Puppetry in the 21th Century: Reflections and Challenges
The Aleksander Zelwerowicz National Academy of Dramatic Art in Warsaw, Branch Campus in Bialystok, Puppet Theatre Art Department, Białystok , 2019
The end of the 20th and beginning of the 21st centuries brought heightened visibility of puppets and performing objects in various fields of cultural performance, so that we might call these last decades ‘a puppet moment’ – as Claudia Orenstein points out in the introduction to the book "The Routledge Companion to the Puppetry and Material Performance" (London, 2014). We are profoundly convinced of the truth of this reflection and we see in this point of view an important research challenge, one that leads toward a discussion about the processes, tendencies, and influences shaping contemporary puppetry in different countries. The intention of our monograph is to present theoretical and practical ideas, analyses and questions which have arisen since the turn of the century under the influence of the latest puppet performances and works inspired by puppet art. The collection of articles naturally represents only a few of the possible approaches to these topics, but we hope it provides a glimpse of multidirectional contemporary reflection and different perspectives of research now being applied to (and demanded by) puppet art.

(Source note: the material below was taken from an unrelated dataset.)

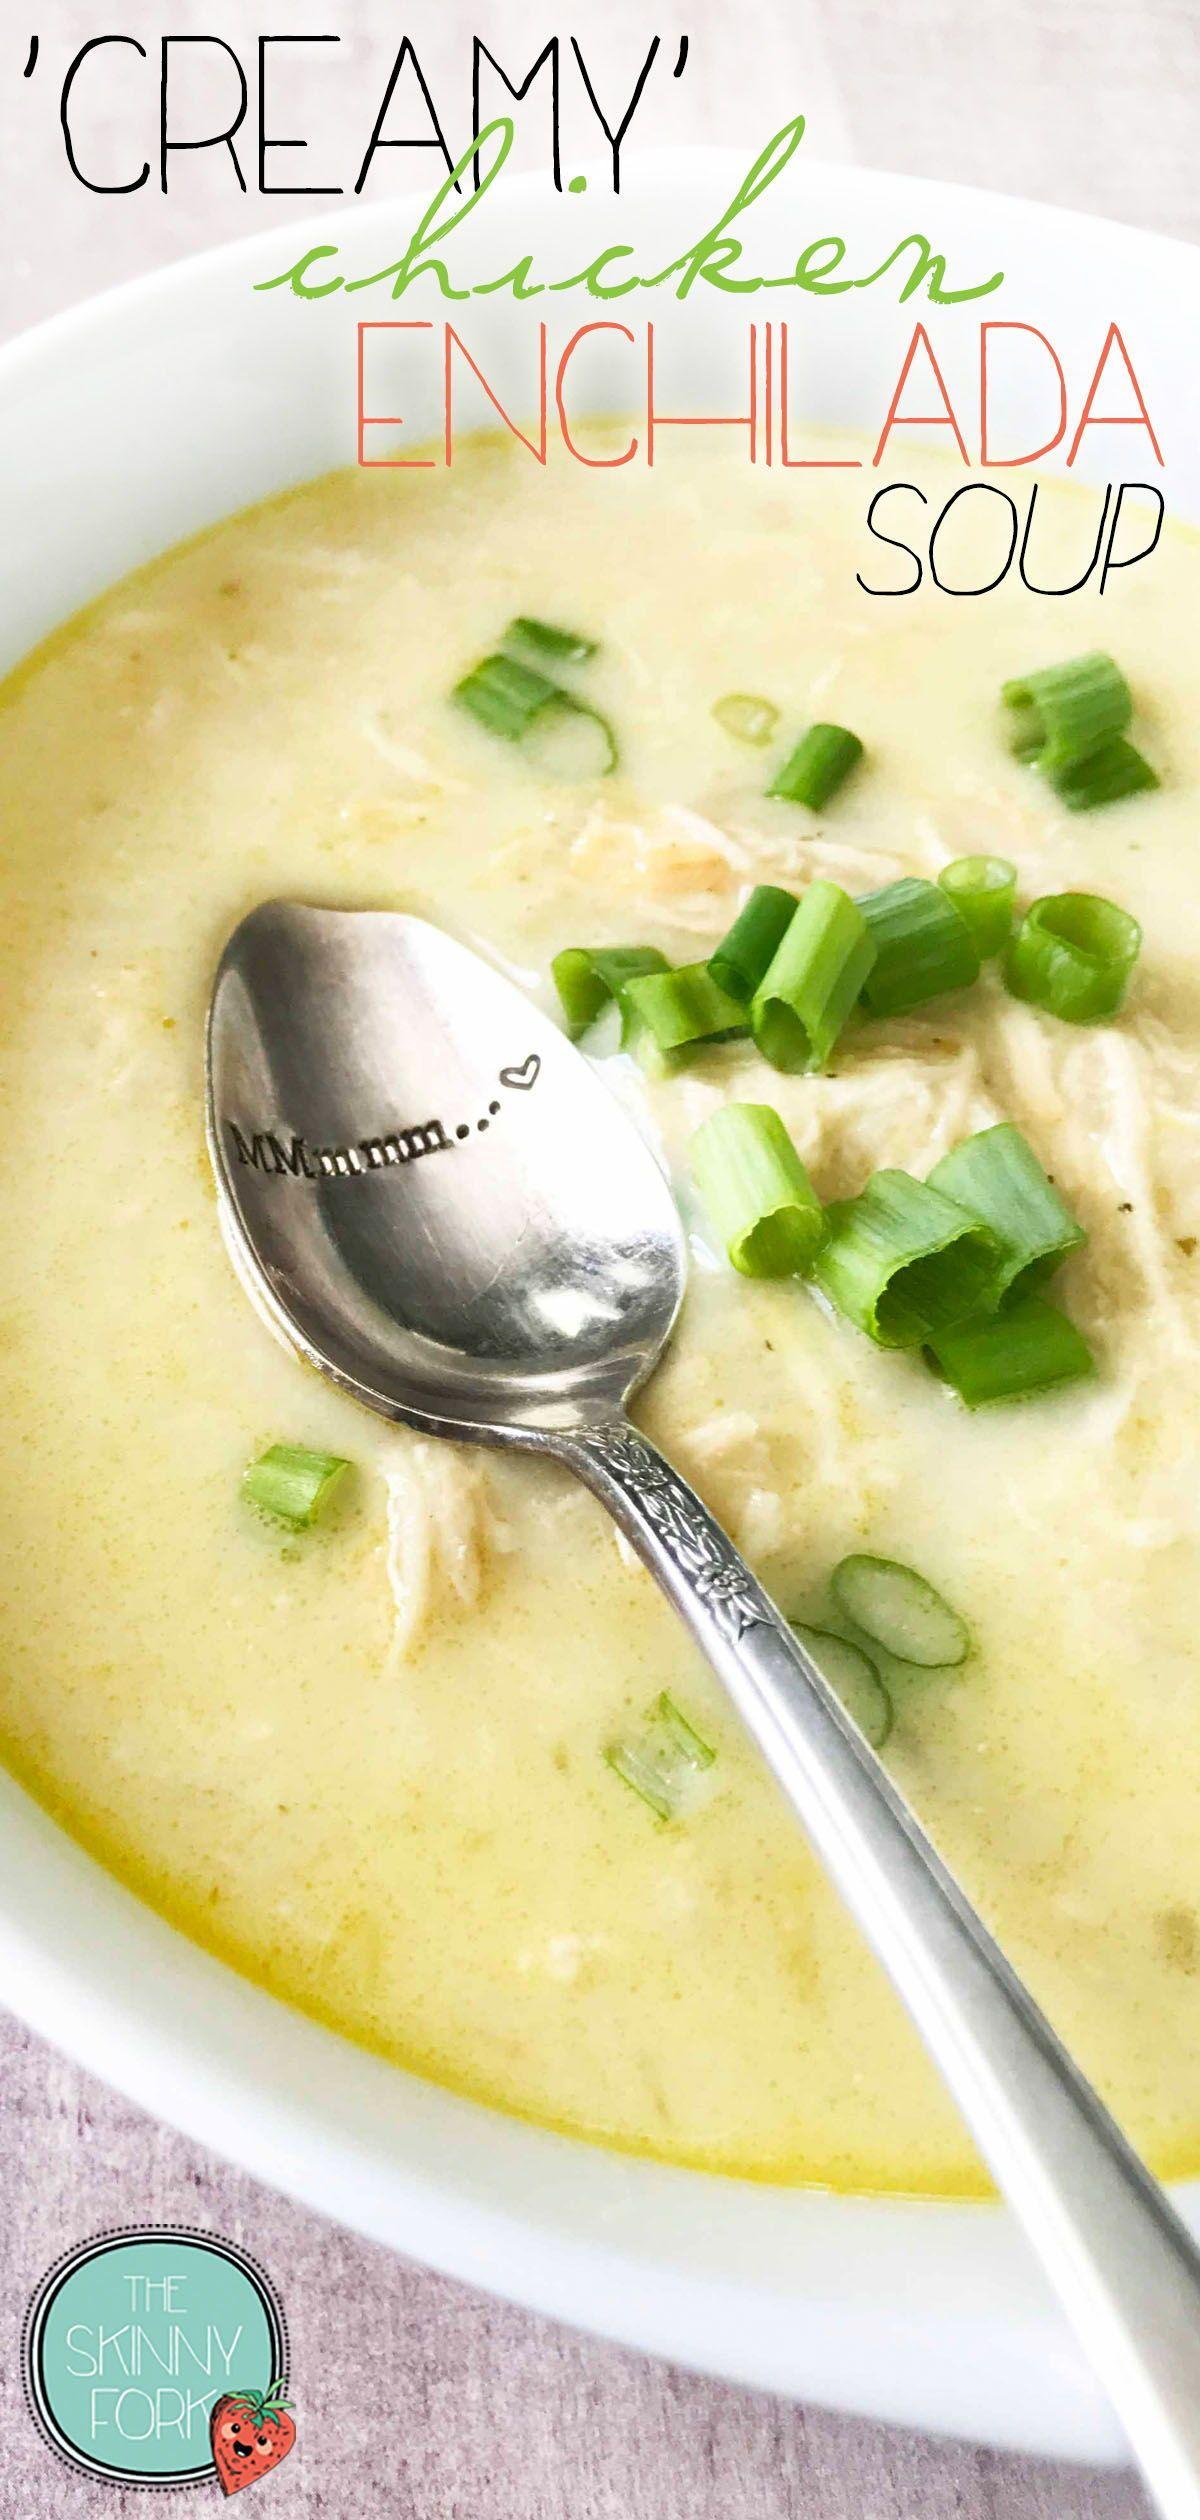 Creamy Chicken Enchilada Soup Instant Pot The Skinny Fork Recipe In 2020 Enchilada Soup Chicken Enchilada Soup Creamy Chicken Enchiladas

Edward Gordon Craig's 1908 essay, "The Actor and the Über-marionette," which has become foundational to critical discussions of puppetry, as well as an important reference in the field of theater studies, famously sets up the essential qualities of the puppet in contrast to those of the human actor. In the historically small, but now growing, field of puppetry scholarship, Craig's views have helped elucidate a universal idea of the puppet and spawned a stream of writings that attempt to define the unique qualities the puppet offers to the stage. Craig's essay, however, grows out of a specific historical moment when an unprecedented number of artists, especially in Europe, were enthralled with the puppet (Posner 130). Harold B. Segel's Pinocchio 's Progeny (1995), which reads like a catalogue of modernist playwrights exploring puppets and related figures-as dramatic metaphors and actual performance elements-amply attests to the excitement around the form at that time. Visual artists of the period also engaged with puppetry in their quest to invigorate artistic styles. Paul Klee, for example, crafted around fifty hand puppets for his son Felix. These have recently received critical attention as artworks in their own right and for their role in illuminating Klee's oeuvre (Hopfengart, et al.). Why were Craig and his contemporaries so engaged with and captivated by the puppet? We might further refine this question by asking how the puppet, and particular views of it, addressed the needs and concerns of that moment, searching more for historically unique uses, ideas, definitions of, and engagements with the puppet, over Craig's universals.